Technology: Lawyers could be the next profession to be replaced by computers - by Dan Mangan

Technology is often for destroying traditional working-class jobs in sectors like manufacturing and retail.

But blue collar jobs aren't the only ones at risk.

The legal profession — tradition-bound and labor-heavy — is on the cusp of a transformation in which artificial-intelligence platforms dramatically affect how legal work gets done.

Those platforms will mine documents for evidence that will be useful in litigation, to review and create contracts, raise red flags within companies to identify potential fraud and other misconduct or do legal research and perform due diligence before corporate acquisitions.

Those are all tasks that — for the moment at least — are largely the responsibility of flesh-and-blood attorneys.

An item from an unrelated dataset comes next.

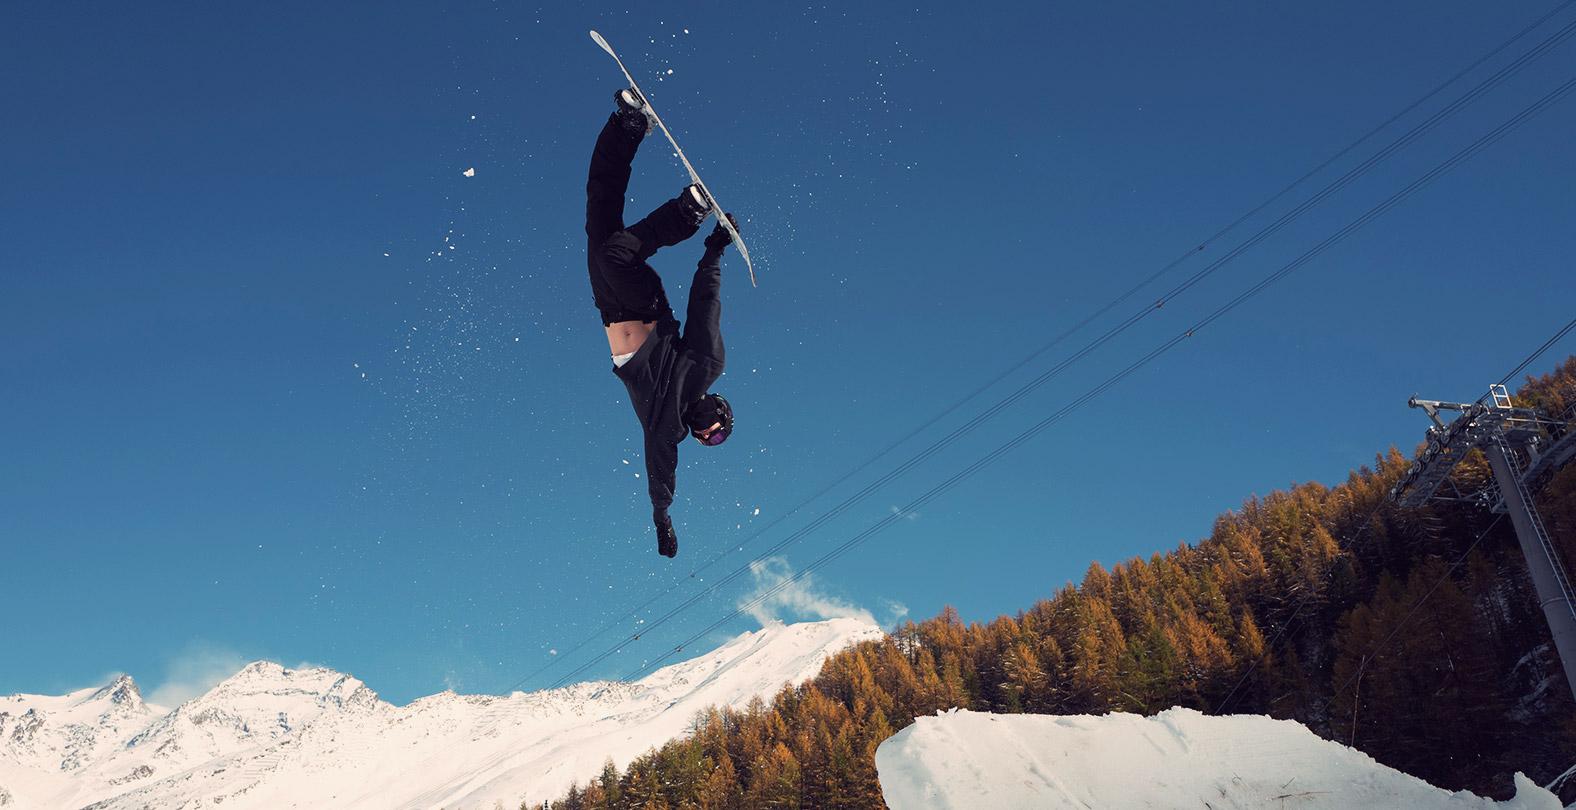 Snowboarder Iouri Podladtchikov with a  BS Rodeo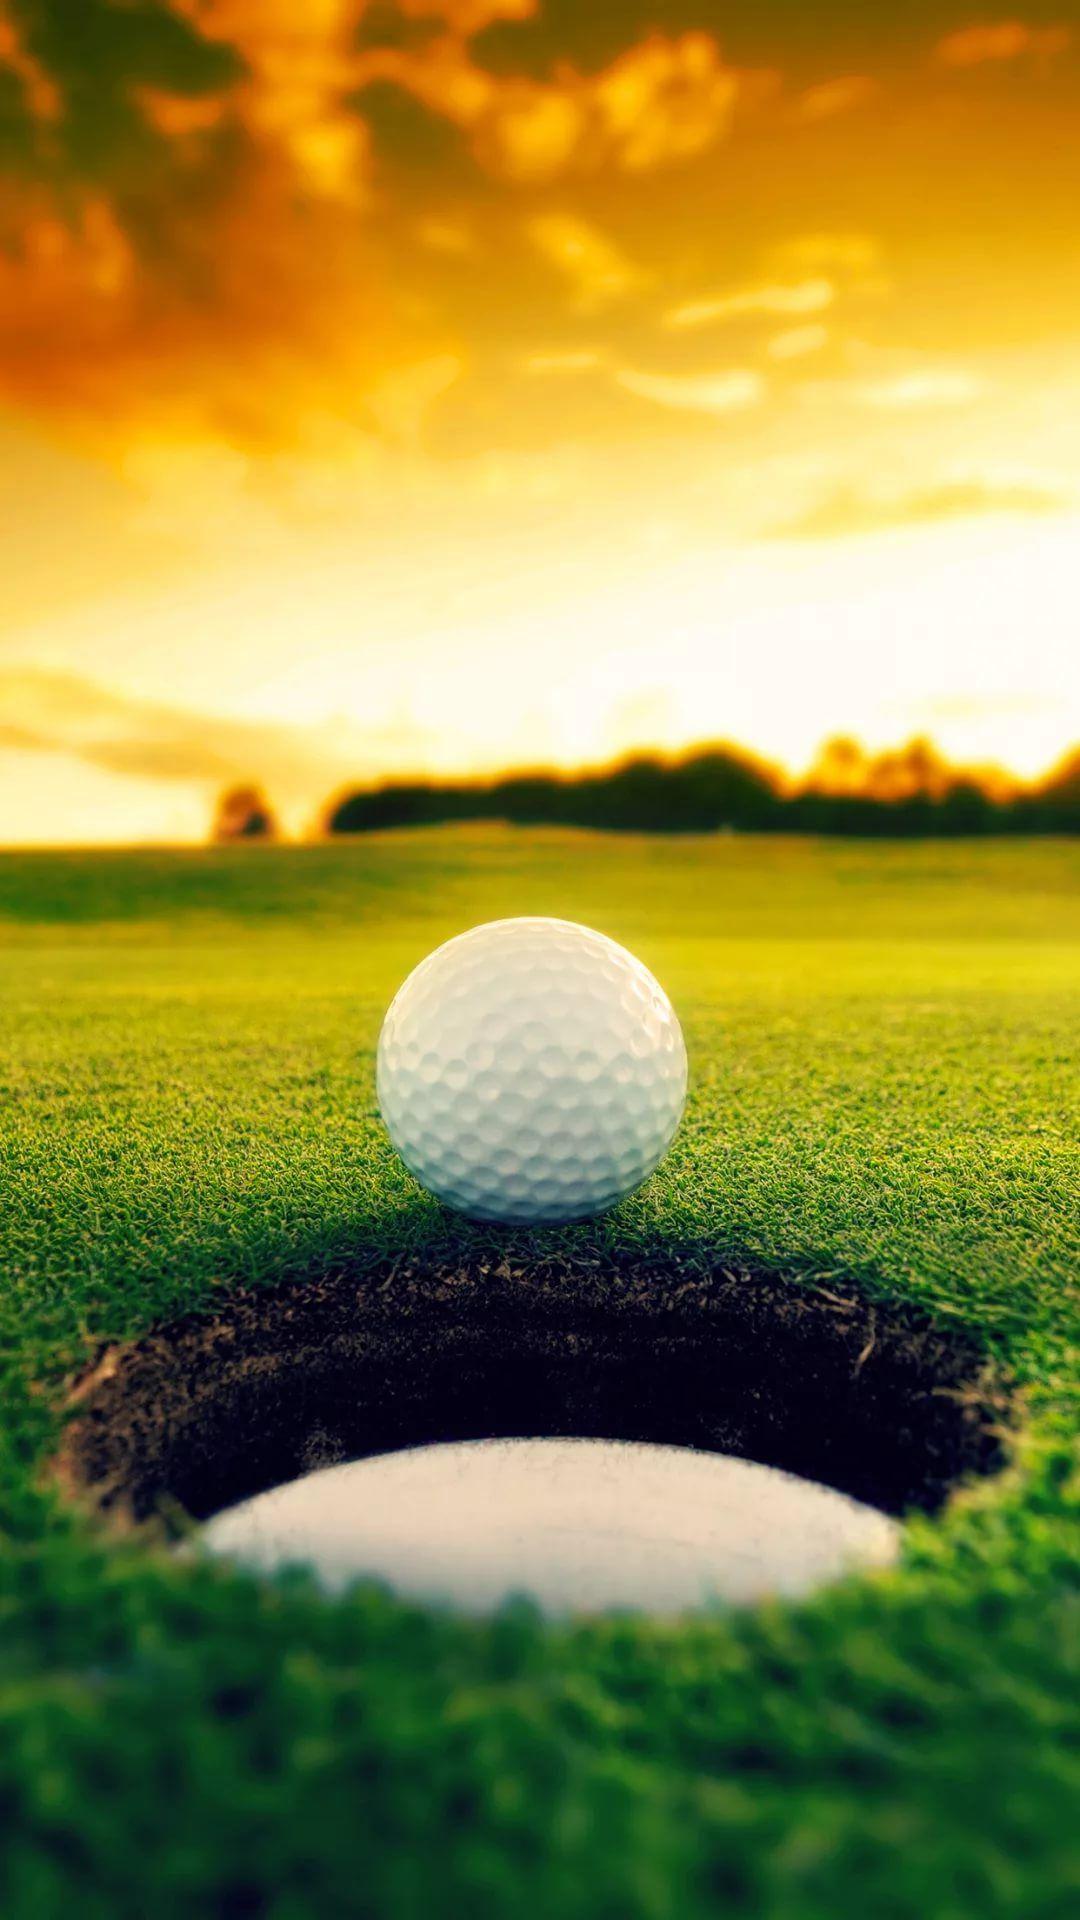 Golf phone wallpaper

Increasing automation of the legal industry promises to increase efficiency and save clients money, but could also cut jobs in the sector as the technology becomes responsible for tasks currently performed by humans.

Advocates of AI, however, argue there could actually be an increase in the sector's labor force as the technology drives costs down and makes legal services more affordable to greater numbers of people.

"It's like the beginning of the beginning of the beginning," said Noory Bechor, CEO of LawGeex, a leading AI-powered platform for legal contract review.

"Legal, right now, I think is in the place that other industries were 10 and 15 years ago, like travel," he said.